The children are still small (this year the ages were 7, 7, 5, 5, 4, 3 and 2) but as they grow the activities will become more adventurous, and the ultimate goal is for my in-laws to get a week to bond with their grandchildren free of interference from the pesky parents.
For now, it warms my heart to watch my son develop his relationship with his cousins. This year a new and surprising facet of his personality shined through — he became the class clown. Each night at dinner he would make faces and play little pranks, giggling all the while.
For a few short weeks each summer, the peaches are perfectly ripe down south. I grabbed some to make a quick galette for our dessert the day that camp ended. This dish is simple but elegant and perfect with a scoop of vanilla ice cream.
Ingredients:
For the crust
1 1/3 cup all-purpose flour
1 tablespoon sugar
½ teaspoon salt
8 tablespoons butter, very cold and cut into small pieces
6 tablespoons ice water
For the filling
2-3 ripe peaches
¼ cup sugar
Sparkling sugar for garnish
1 tablespoon all-purpose flour
½ teaspoon cinnamon
Directions:
It’s easiest to make the crust in a food processor.

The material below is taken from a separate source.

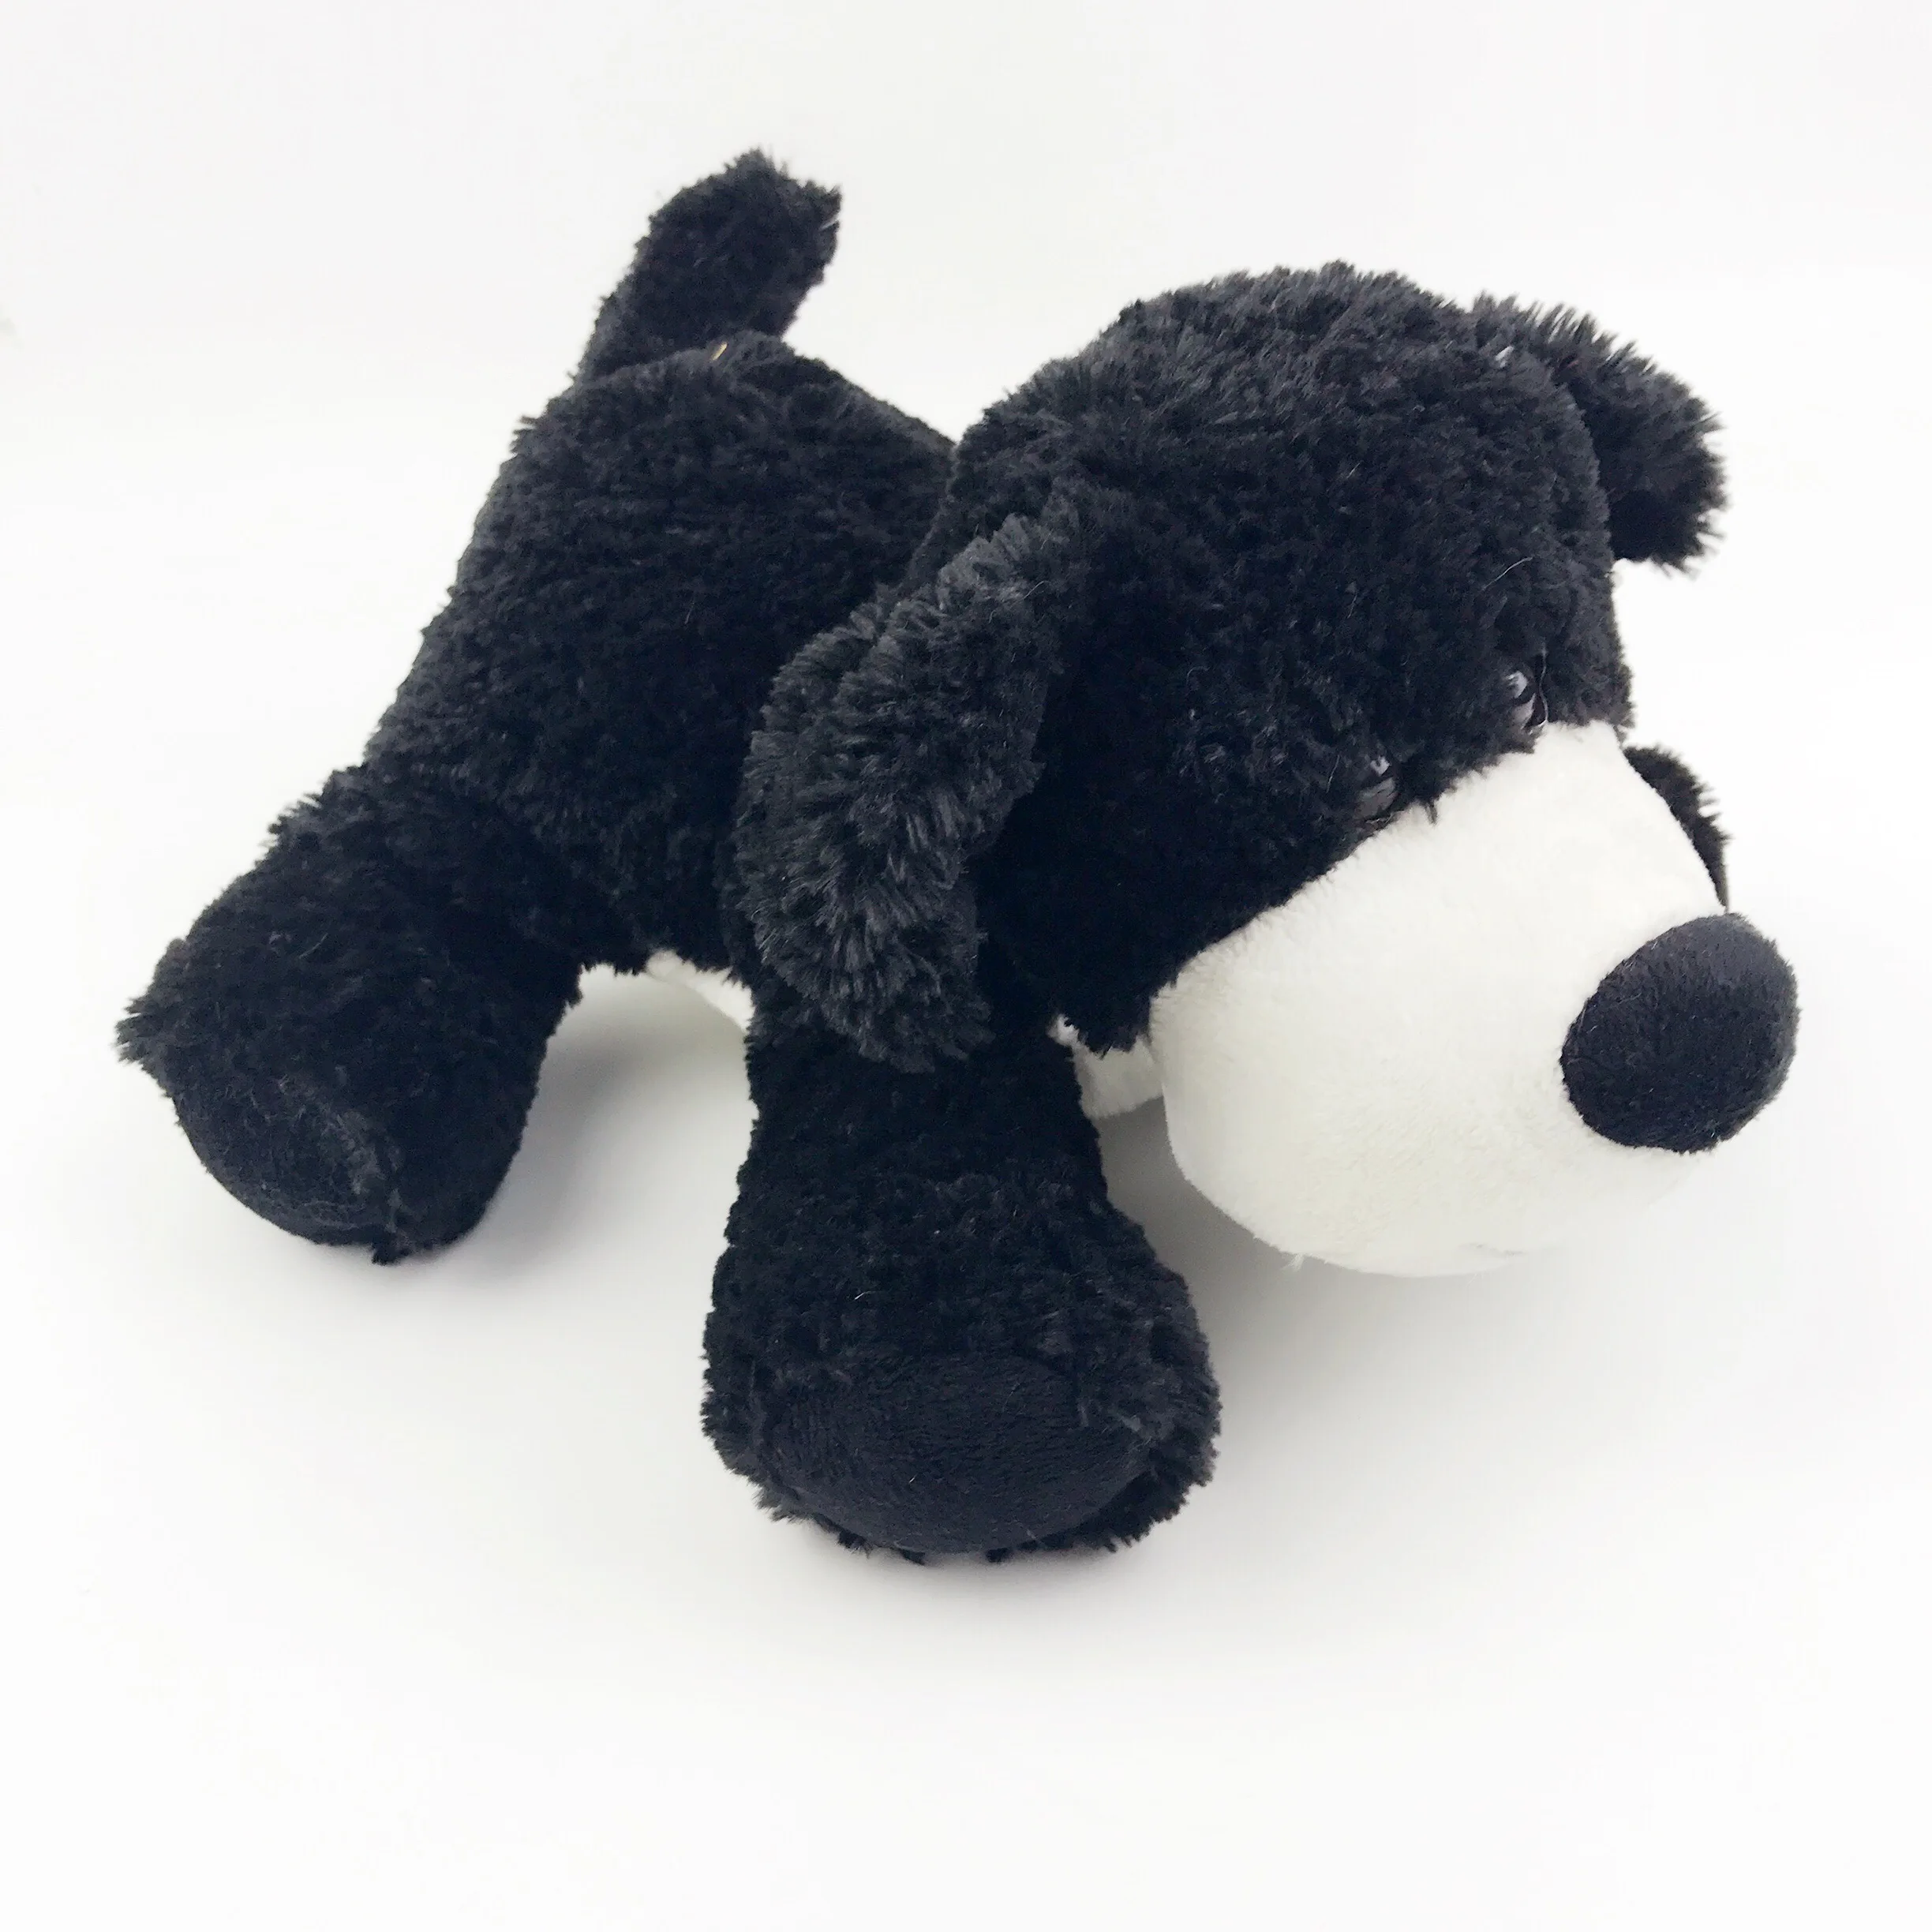 Cute Soft Black Dog Stuffed Animal Animated Puppy Plush Toy Black White ...

Combine the flour, sugar and salt in the bowl of your processor and pulse to combine.
Slowly add your very cold butter, pulsing as you go.
When all the butter has been incorporated, add in the ice water one tablespoon at a time until the dough just comes together.
Turn the dough out onto the counter and form into a disk. Do not knead — just work enough to form the disk.
Wrap tightly in plastic and let rest in the refrigerator for at least 1 hour, or overnight.
***If you do not have a food processor, combine the dry ingredients, then use your fingertips in a pinching motion to add the butter like you would when making biscuits. Then add the water until it comes together. ***
Preheat the oven to 425 degrees.
Slice your washed, unpeeled peaches ¼-inch thick as uniformly as possible and place in a large bowl.
Sprinkle on the sugar, flour and cinnamon and toss to coat.
Remove your dough from the refrigerator and place it on a parchment-lined baking tray.
Roll the dough out to about a 14-inch circle (should be about 1/3-inch thick). Don’t worry about making the edges pretty.
Artfully arrange your peach slices leaving a 1-inch margin around the outside.
Fold the excess dough over the peaches, brush with an egg wash, then sprinkle with sparkly sugar.
Bake for 25-30 minutes until golden brown.